Маринетти был большим дипломатом и умел себя зарекомендовать в известных кругах публики. Он говорил по-французски с сильным итальянским акцентом, но очень хорошо. Я Маринетти раза два-три слушал. Он был ограниченный человек, с большим темпераментом, с умением внешне эффектно читать. Но всё это нас не прельщало. Он совершенно не понимал русских футуристов.
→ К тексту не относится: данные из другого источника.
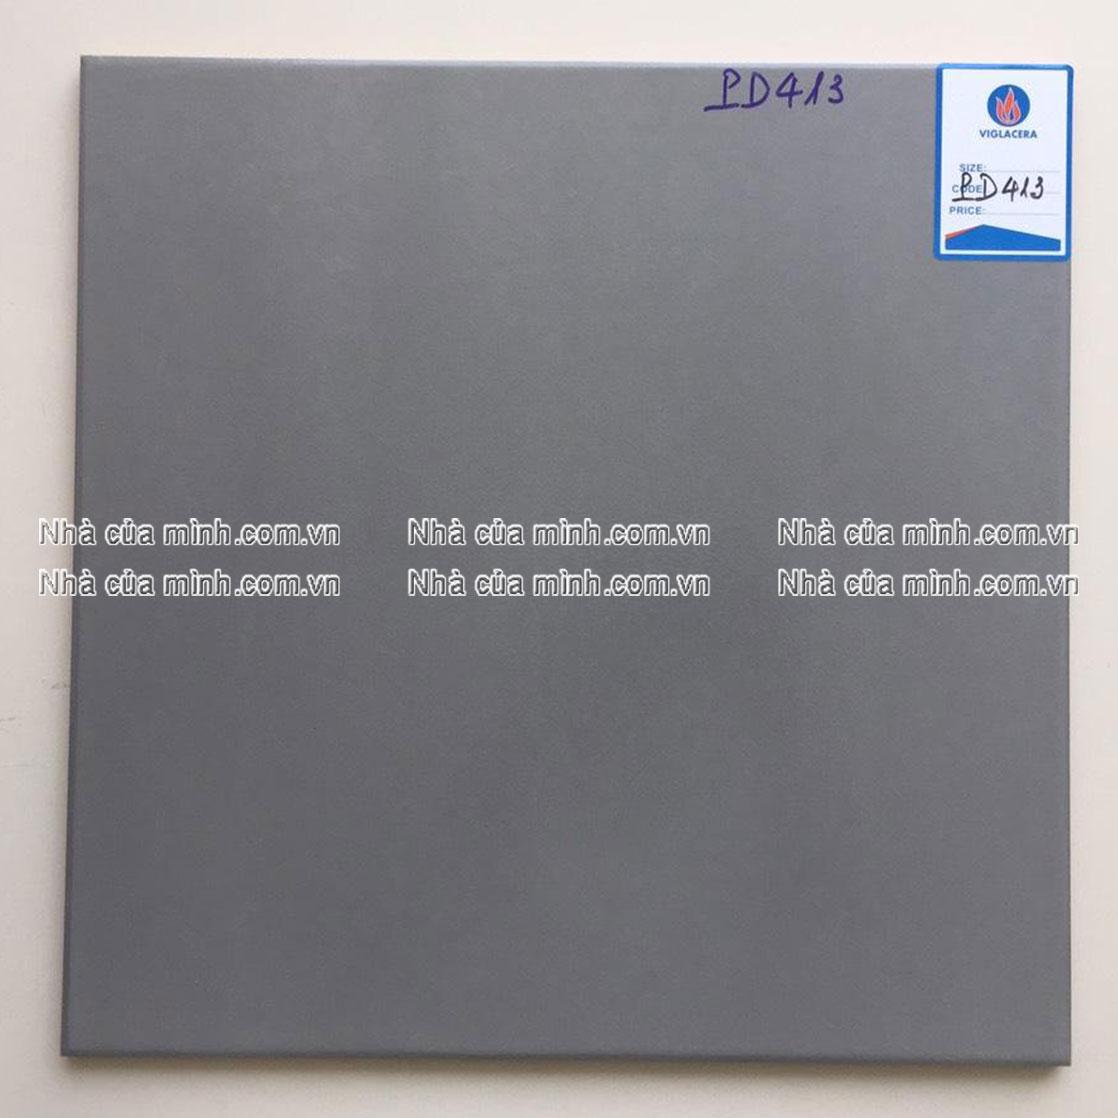 Gạch Cotto xám tro 400x400 Viglacera PD413 giá rẻ
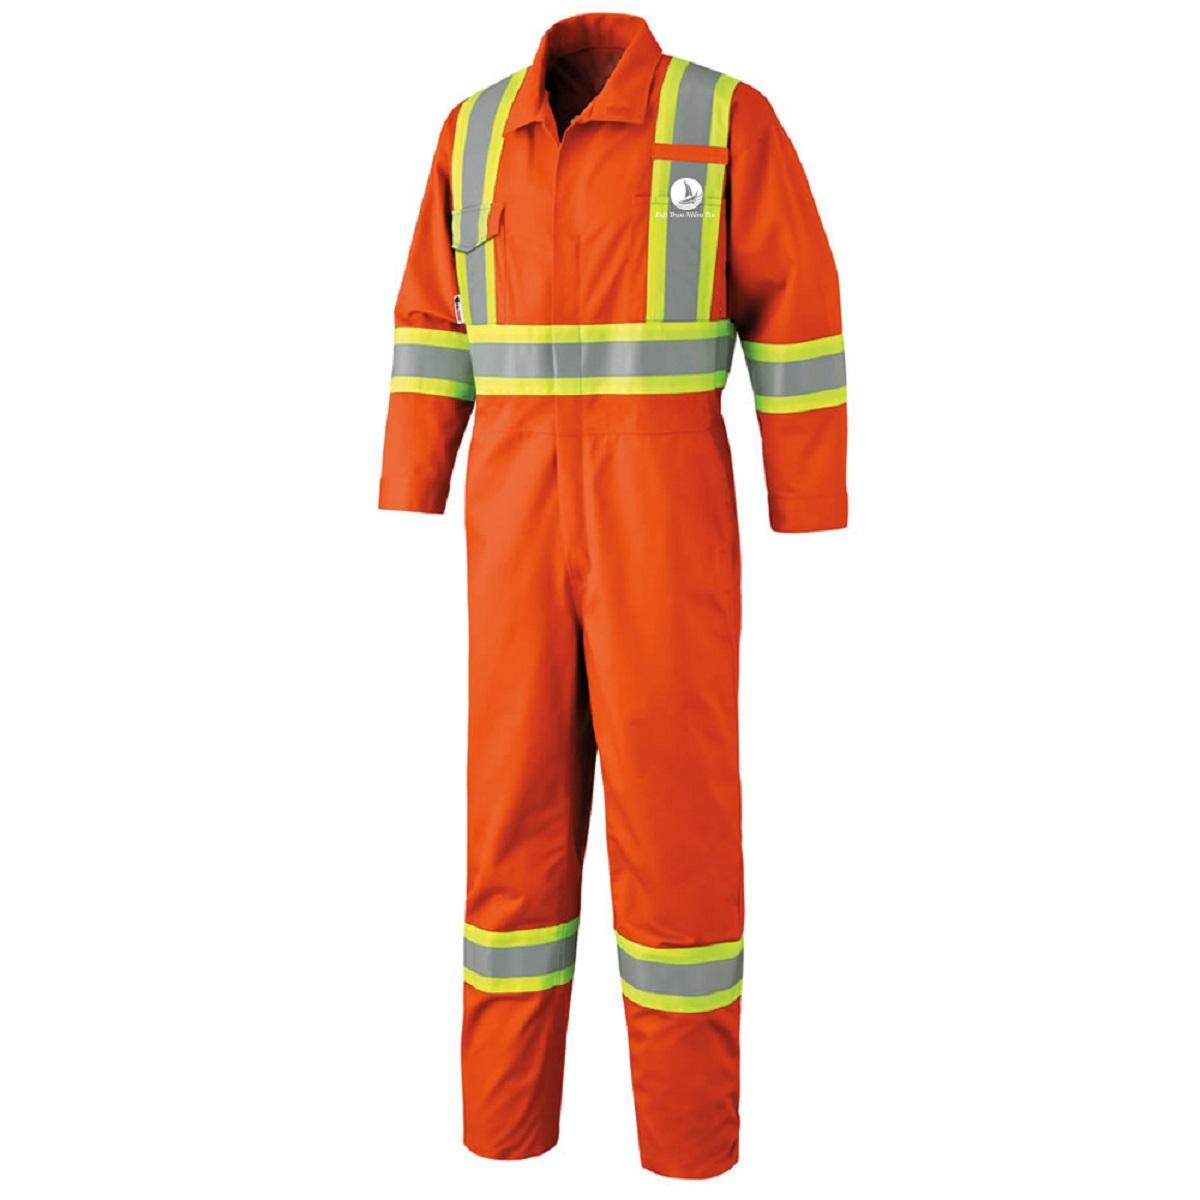 Mẫu đồng phục áo liền quần bảo hộ mã BO-ALQ02 – Gạch

Хлебников был глубоко против – так же, как и Ларионов вначале. Потом Ларионов и Маринетти начали выпивать вместе. Они пили, потому что понимать друг друга они не понимали – Ларионов ему только показывал свои картины и рисунки свои и своих сотрудников.
Никогда не забуду одно из выступлений Маринетти. Дискуссия шла по-французски, довольно вяло. Разговор шёл исключительно на тему об итальянском футуризме, о его отношении к итальянской литературной традиции, к французам. Всё это как-то тянулось. Маринетти был очень вежлив, продолжал дискуссию. А Ларионову надоело это слушать, тем более что он ничего не понимал, и он ему сказал: «Пойдём выпить!» А тот не понимал. Тогда пришла Ларионову в голову блестящая идея, и он хлопнул себе пальцем по шее – что называется, «предложение залить за воротник» – но Маринетти, конечно, этого не понял. Тогда Ларионов сказал: «Какой дурак! И этого не понимает!» Ему казалось, что жесты эти – международные42.
После этого мы все пошли выпить в «Альпийскую розу» – немецко-русский ресторан недалеко от Кузнецкого моста. Там мы сидели, пили водку. А я им был нужен, потому что почти никто из русских не говорил по-французски и я служил как бы переводчиком43.
Маринетти заговорил со мной и сказал:
Он очень сердечно на это реагировал и послал мне потом свою книгу «Zang-Tumb-Tuum» из Италии, с очень сердечной надписью. Так как я тогда писал стихи, и писал под псевдонимом – Алягров44 – он мне под этим псевдонимом и послал свою книгу.
Тогда вошёл Маяковский. Около меня было свободное место, и он сел на это место. Он меня спросил: «Вы строгановец?» (то есть из Строгановского училища живописи), потому что у нас, лазаревцев, были несколько похожие формы, с золотыми пуговицами и так далее. Как-то зашёл разговор о Ларионове, и он мне сказал: «Все мы прошли школу Ларионова. Это важно, но школу проходят только раз». Так что он себя немножко от этого отгораживал.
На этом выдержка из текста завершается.